すべての命が、《魔力》さえも、その声を忘れたようだ。
『きみは理解していない。確かにこの身は情に流されて大陸まで翔んできた。……しかし、ようやくわかった。これもひとつの流れだったのだ。……さあ、オルレイウス』
敵は声を張り上げる。
朗々と歌うように。まるで詩人がそうするように。
『この身に挑みし、もっとも新しき英傑よ。……既に、この場には復讐者はおらぬ。ただ《妖鳥王》と謳われし、《エンヘン・ディナ》が在るのみだ!』
そう高らかに宣言すると、敵――《エンヘン・ディナ》はさらに高く、高く舞い上がる。
黒い煙に翳む太陽。それを背に負って、《妖鳥王》は落下する。
オルに向かって一直線に。
動ける。わかる。外から見れば静かに佇んでいるだけのよう。だが、今のオルの体内は導火線に火を灯した爆弾みたいなものだ。
流動する血液。

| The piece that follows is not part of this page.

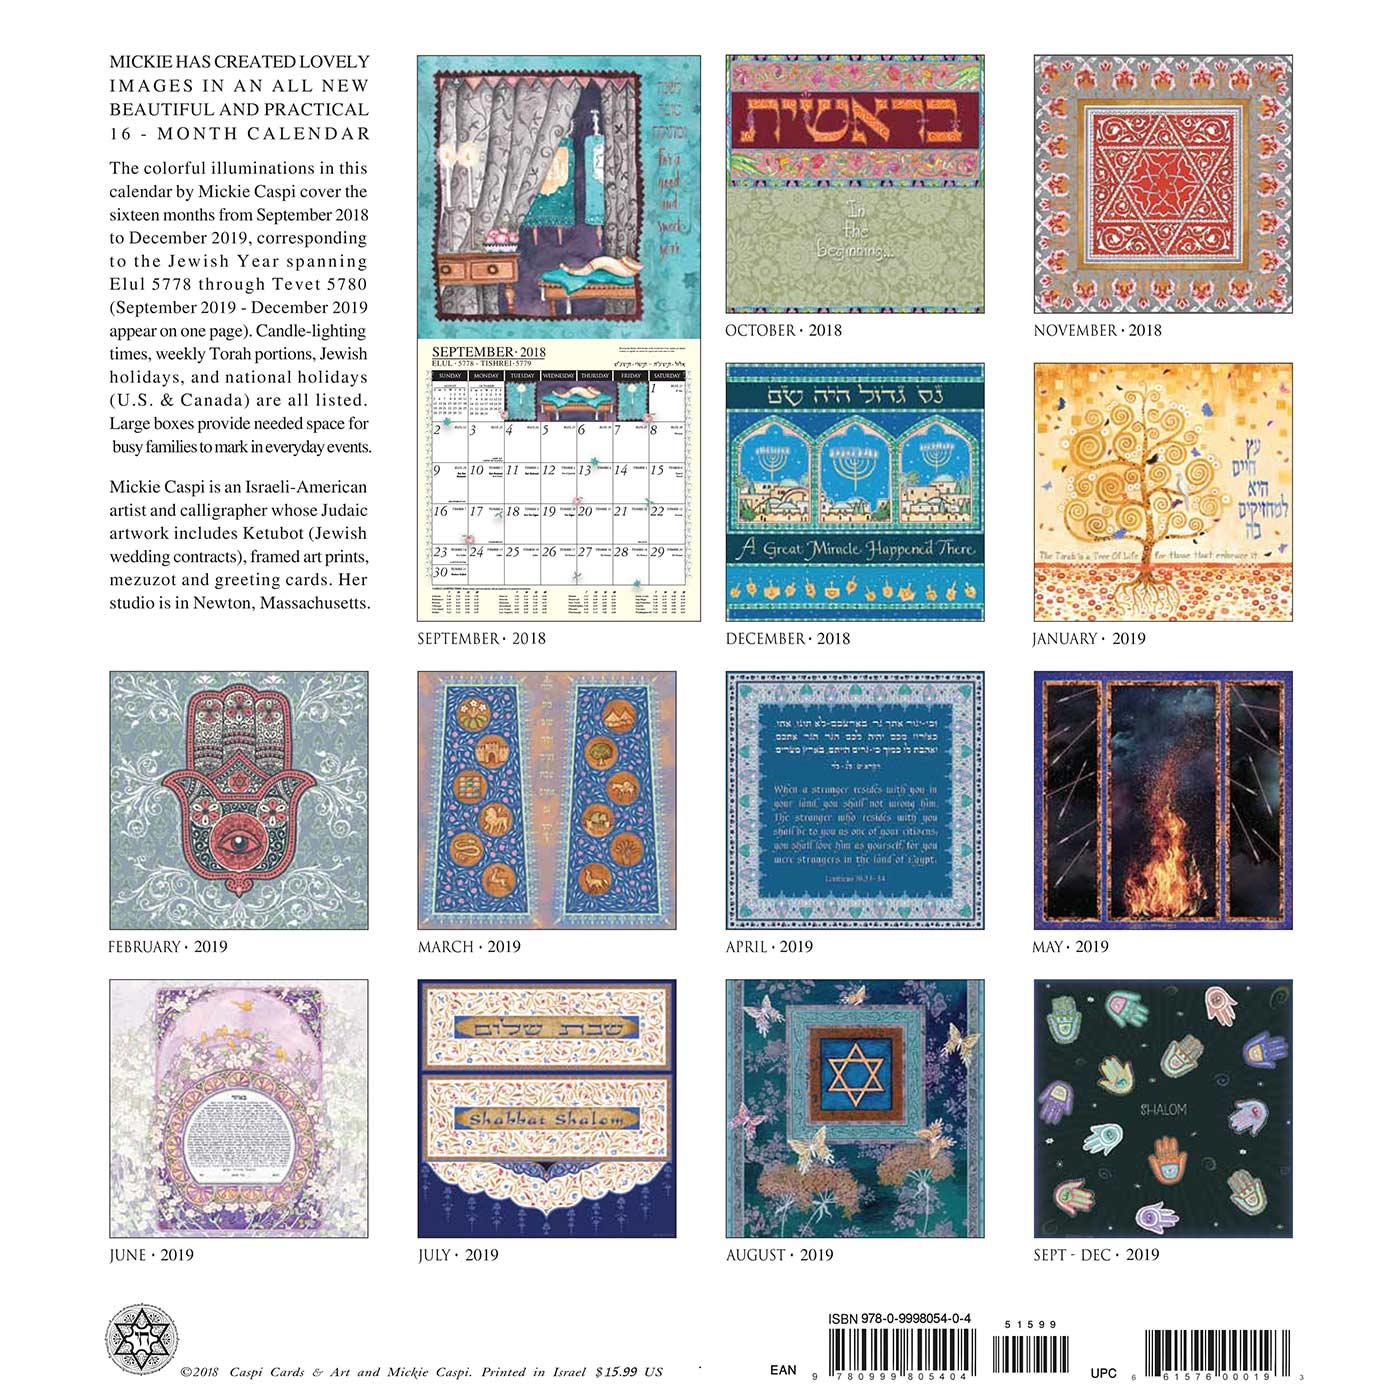 Jewish Art Calendar 2019 by Mickie Caspi Back Cover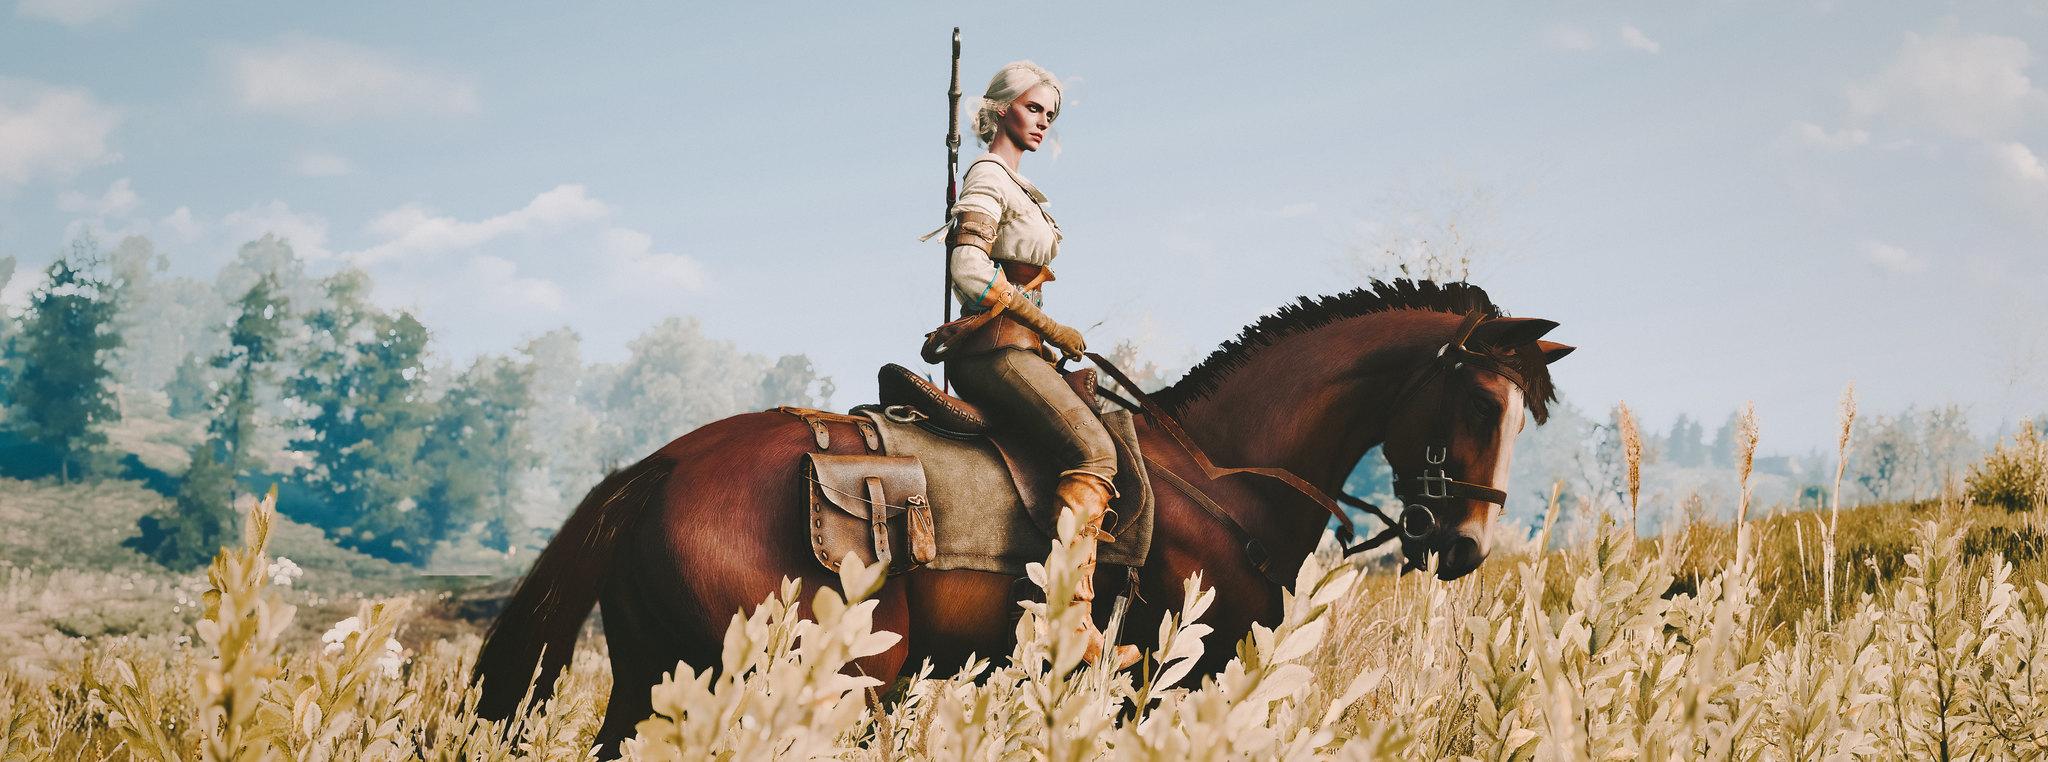 19238177869_e89d541364_k.jpg - The Witcher 3: Wild Hunt

膨らむ筋肉。それらによって生み出され、漲る活力。すべてが、身体の内側を巡って加速している。
あとは、ひとつの方向に放つだけ。
瞳は《エンヘン・ディナ》の身体を捉え、それ以上のなにかでオルは敵を感覚する。
羽ばたき、加速する《エンヘン・ディナ》が、これまで以上の速度でオルの間合いに侵入する――
オルの身体が弾ける。
閃く長剣。そのすべてが消えるほどの速度。
だが、《エンヘン・ディナ》も承知している。《予見の眼》は既に見ている。自分がどこまで行けば斬られるかということを。
片翼を広げ風を受け、身体を傾ける。そして、緑玉色の蹴爪を、オルレイウスの胸へと伸ばす。
《エンヘン・ディナ》の《眼》に移る未来が変わる――
多少の傷を与えても、この若い英傑の《技能》か何かが無にしてしまう。
必殺を狙う英傑の間合いに侵入して無傷で離脱することは、《エンヘン・ディナ》にも困難。
ならば――一撃で心臓を抉り取ってくれる。
《エンヘン・ディナ》が考えたことは、片翼を犠牲に、命を奪うということ。
どれほどの速度だろうとも、どれほど巧みな《技能》を持っていようとも構わない。
心臓を蹴爪に抉られるオルレイウスの姿が《予見の眼》に映る……はずだった。
不可解にも黒い煙の小さな壁が突然現れ、《エンヘン・ディナ》の視界を塞いでいた。
オルにも《エンヘン・ディナ》にも予想外の事態。
予見が変わった。《眼》を奪われた《妖鳥王》を襲う一瞬の身体の硬直。片翼を完全に広げられない。
それでも、既に発火していたオルレイウスの身体は、長剣を振り抜いていた――
斬り上げられた剣の刃が《エンヘン・ディナ》の身体を斜めに斬り裂く。
末期、《妖鳥王》がその瞳に映したものとは、傾く視界。
そして、オルレイウスの背後にあったふたりの影。それまで、《予見の眼》を目の前の若者に奪われていたために、見ることもなかった姿。
――《エンヘン・ディナ》はひとつ自らに肯いた。……これも、人の力だ、と。
オルの手はその神速の振り抜きに遅れてイヤな手応えを感じる。
……地面を転がる別れた身体。《妖鳥王》の左腋から入り、右肩へと抜けた剣を眺め、背後へと転がっていく敵を振り返りながらオルは考える。
抉られていたはずだ、と。
おそらくは、片翼を斬り上げて、蹴爪に心臓を奪われていたはずだ、と。
そのオルの視線の先に、クァルカスとロスがいた。
オルは悟った。あの黒い煙の固まりは、ロスの《魔法》だ。
救われた…………だが、オルの心を満たしていたのは等半分の憤懣。
これは、彼と僕の、一騎打ちだったはず……少なくとも、《妖鳥王》はそう考えていたはず。
オルは並んで佇むクァルカスとロスを複雑な思いで睨みつけた。
――《スノウ・ハーピー》が嘆きの歌のように、一斉に悲鳴を上げて《ノクトゥム》を離れていく。